2. The toy car with a novel drive structure according to claim 1, characterized in that: A second rotating rod (33) is rotatably provided on one side of the base plate (1). A third gear (34) is fixedly connected to both ends of the second rotating rod (33). A crown gear (35) is fixedly connected to the outer periphery of both first rotating rods (11). The third gear (34) meshes with the corresponding crown gear (35).
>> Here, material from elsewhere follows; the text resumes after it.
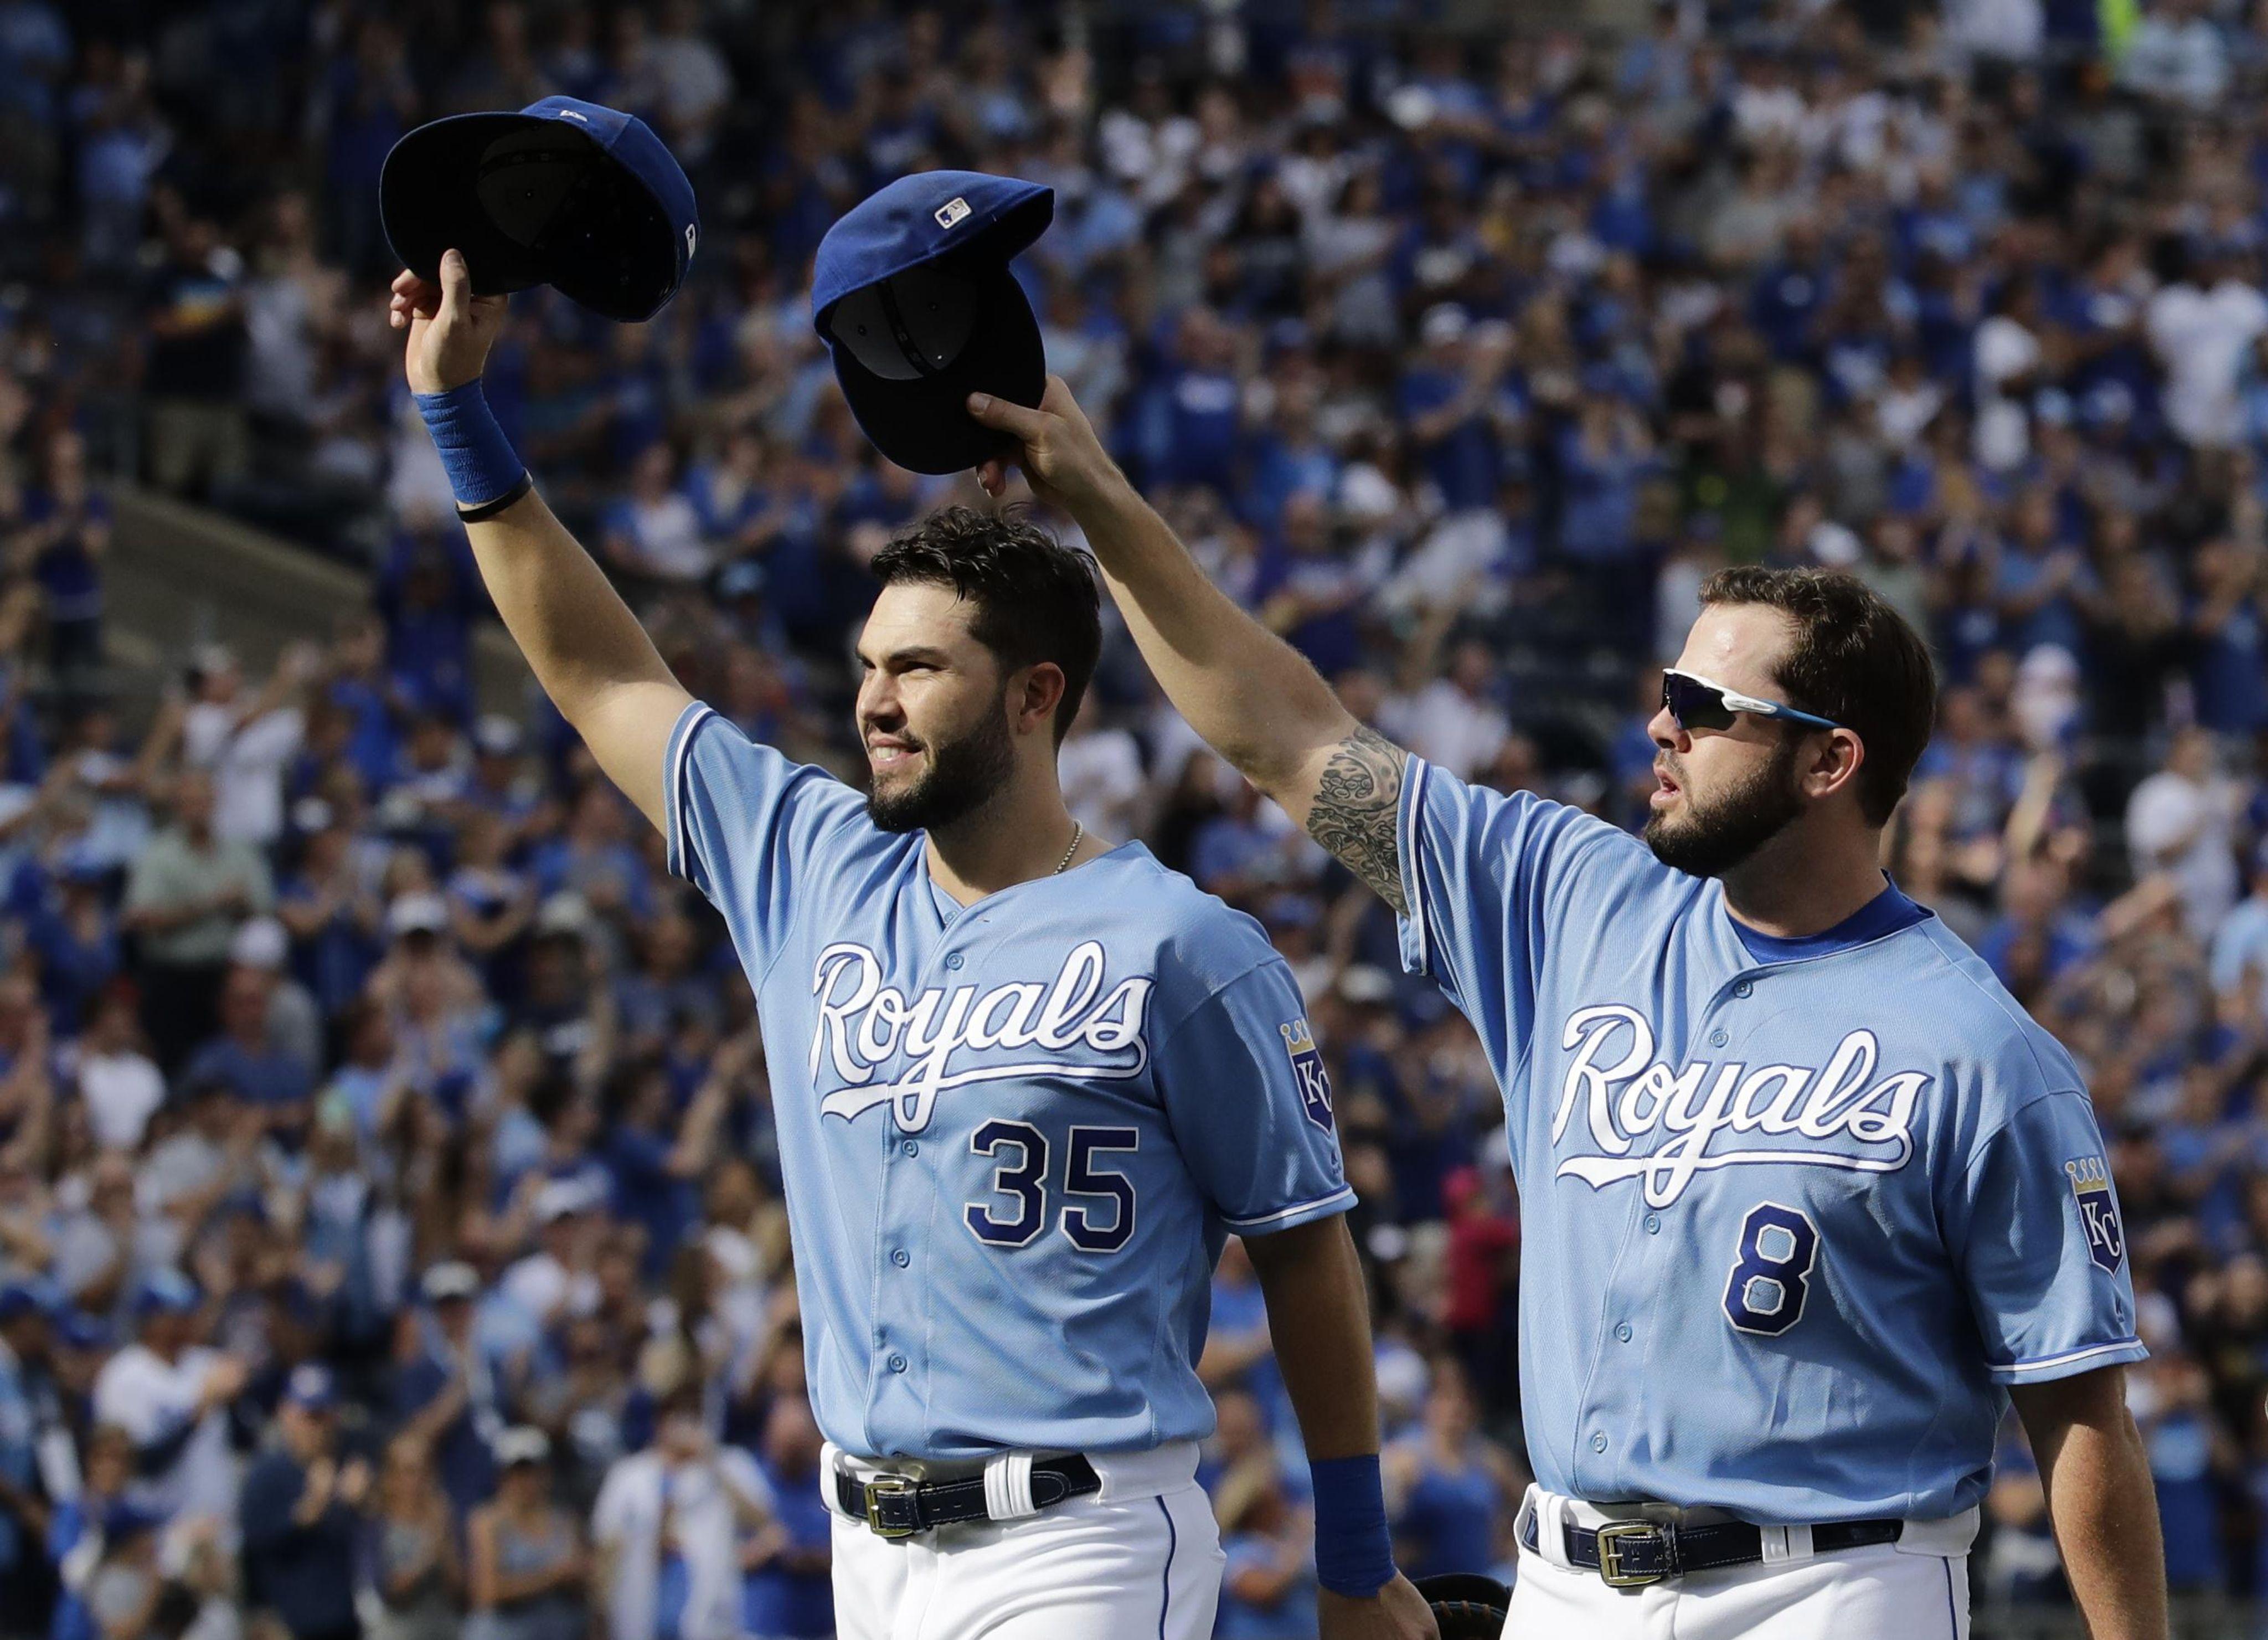 Royals_preview_baseball_46192_s4096x2961

3. A toy car with a novel drive structure according to claim 1, characterized in that: A first servo motor (3) is fixedly connected to one side of the top surface of the base plate (1). A first gear (31) is fixedly connected to the shaft of the first servo motor (3). A second gear (32) is fixedly connected to the outer periphery of a first rotating rod (11). The second gear (32) meshes with the first gear (31).
4. A toy car with a novel drive structure according to claim 1, characterized in that: An electric cylinder (4) is fixedly connected to the middle of the top surface of the base plate (1), and a support plate (41) is fixedly connected to the bottom surface of the top plate (21). The piston rod end of the electric cylinder (4) is fixedly connected to the bottom surface of the support plate (41).
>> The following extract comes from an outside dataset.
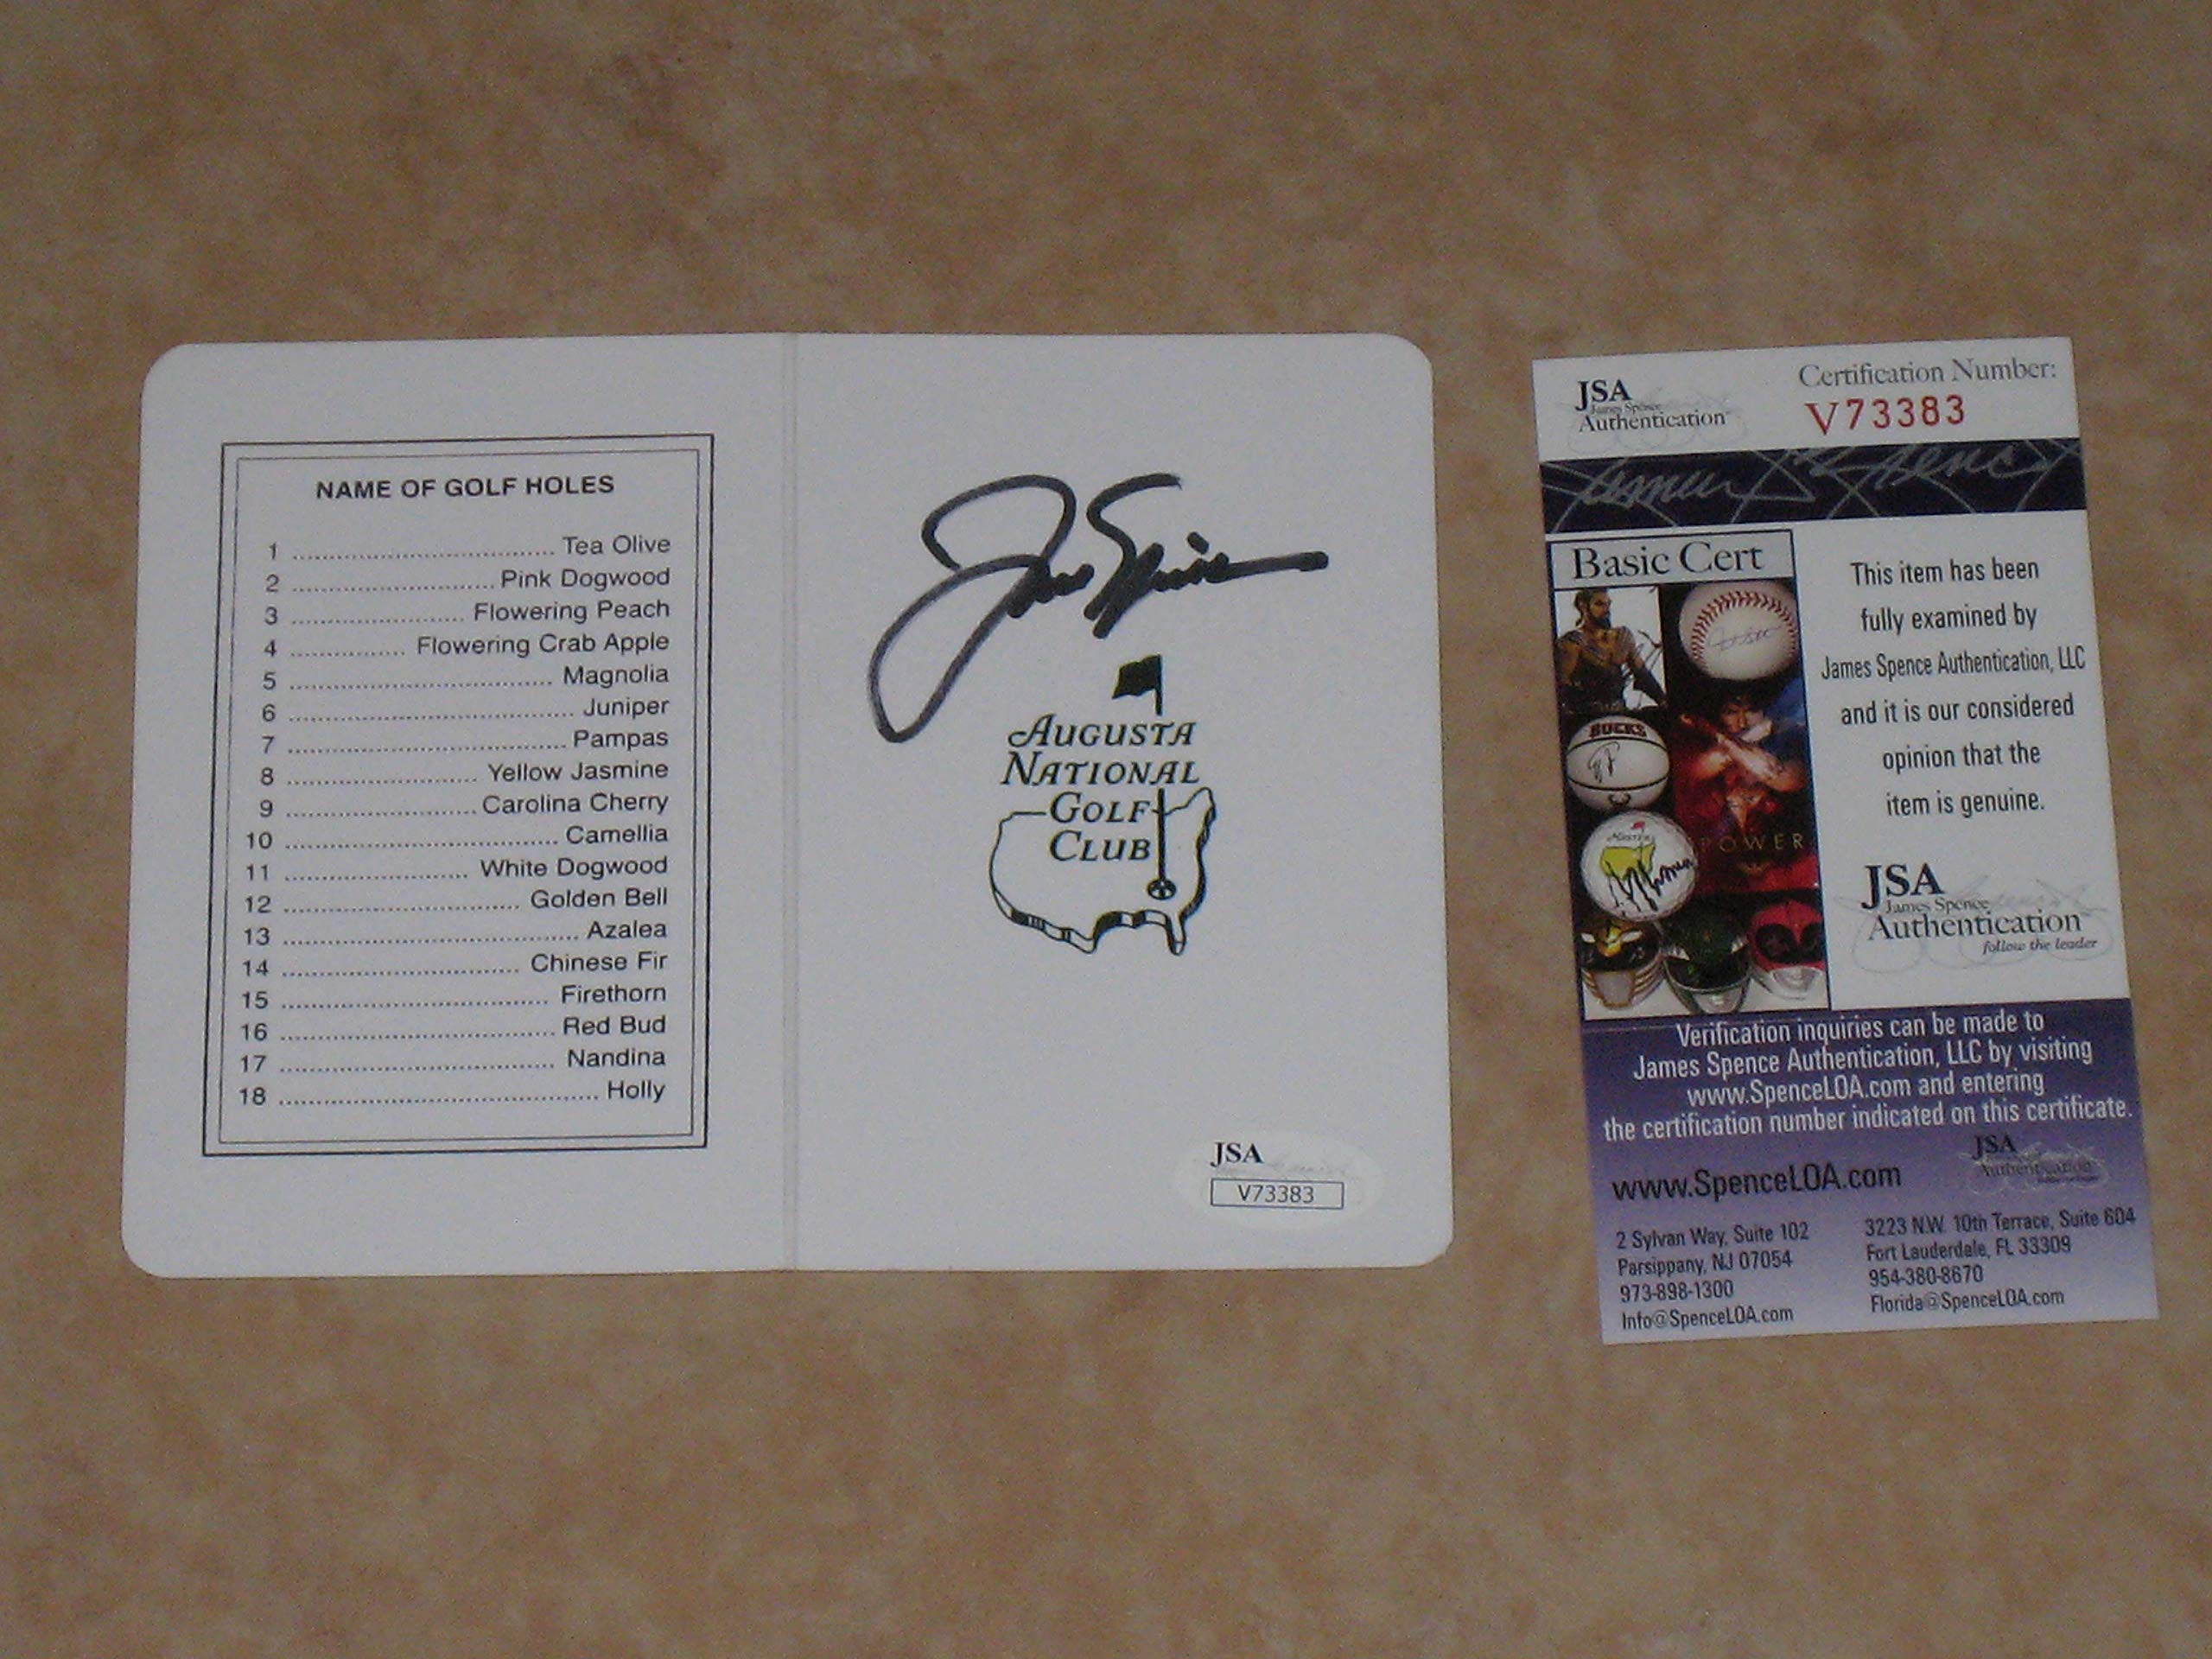 Jack Nicklaus PGA signed Autographed Masters Scorecard Augusta JSA COA

5. A toy car with a novel drive structure according to claim 1, characterized in that: The two sliding plates (2) are provided with a second square groove (25) on one side close to each other. The bottom surface of the sliding plate (2) is provided with a first square groove (24) on both sides. The first square groove (24) and the second square groove (25) are connected. The second square groove (25) is provided with a fourth rotating rod (57), a third transmission wheel (58) and a second transmission belt (59) on both sides inside.
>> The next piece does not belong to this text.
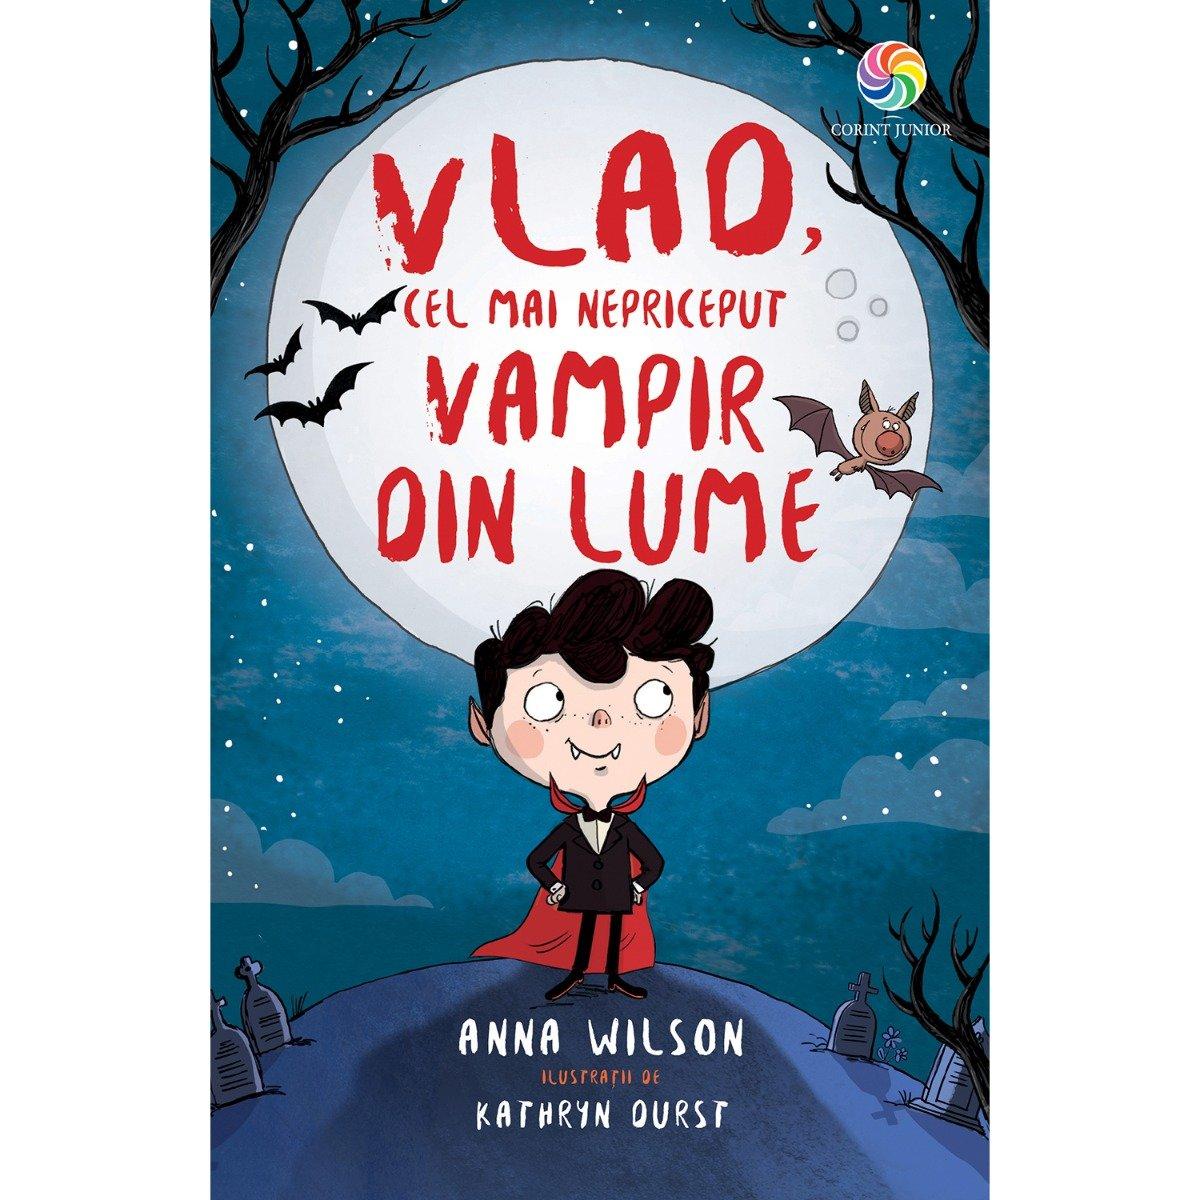 Carte Editura Corint, Vlad, cel mai nepriceput vampir din lume, Anna Wilson

6. A toy car with a novel drive structure according to claim 5, characterized in that: The fourth rotating rod (57) is rotatably connected inside the first square groove (24). The fourth rotating rod (57) and the cylindrical rod (22) are both fixedly connected to the outer periphery of the third transmission wheel (58). The two third transmission wheels (58) located on the same vertical plane are connected to the corresponding second transmission belt (59) for transmission.
7. A toy car with a novel drive structure according to claim 6, characterized in that: A second servo motor (5) is fixedly connected to the top surface of the top plate (21). A fourth gear (51) is fixedly connected to the shaft of the second servo motor (5). A third rotating rod (53) is rotatably connected to the middle of the top plate (21). A fifth gear (52) is fixedly connected to the outer periphery of the third rotating rod (53). The fourth gear (51) and the fifth gear (52) are meshed together.
8. A toy car with a novel drive structure according to claim 7, characterized in that: The first square groove (24) is provided with two first transmission belts (55). The two ends of the third rotating rod (53) are fixedly connected to two first transmission wheels (54). The first transmission wheels (54) are located inside the first square groove (24). The fourth rotating rod (57) is fixedly connected to a second transmission wheel (56). The second transmission wheel (56) and the corresponding first transmission wheel (54) are both connected to the corresponding first transmission belt (55).
9. A toy car with a novel drive structure according to claim 1, characterized in that: The second roller (23) is normally at the same level as the first roller (12).
10. A toy car with a novel drive structure according to claim 1, characterized in that: The bottom plate (1) has an outer shell (14) mounted on its top surface.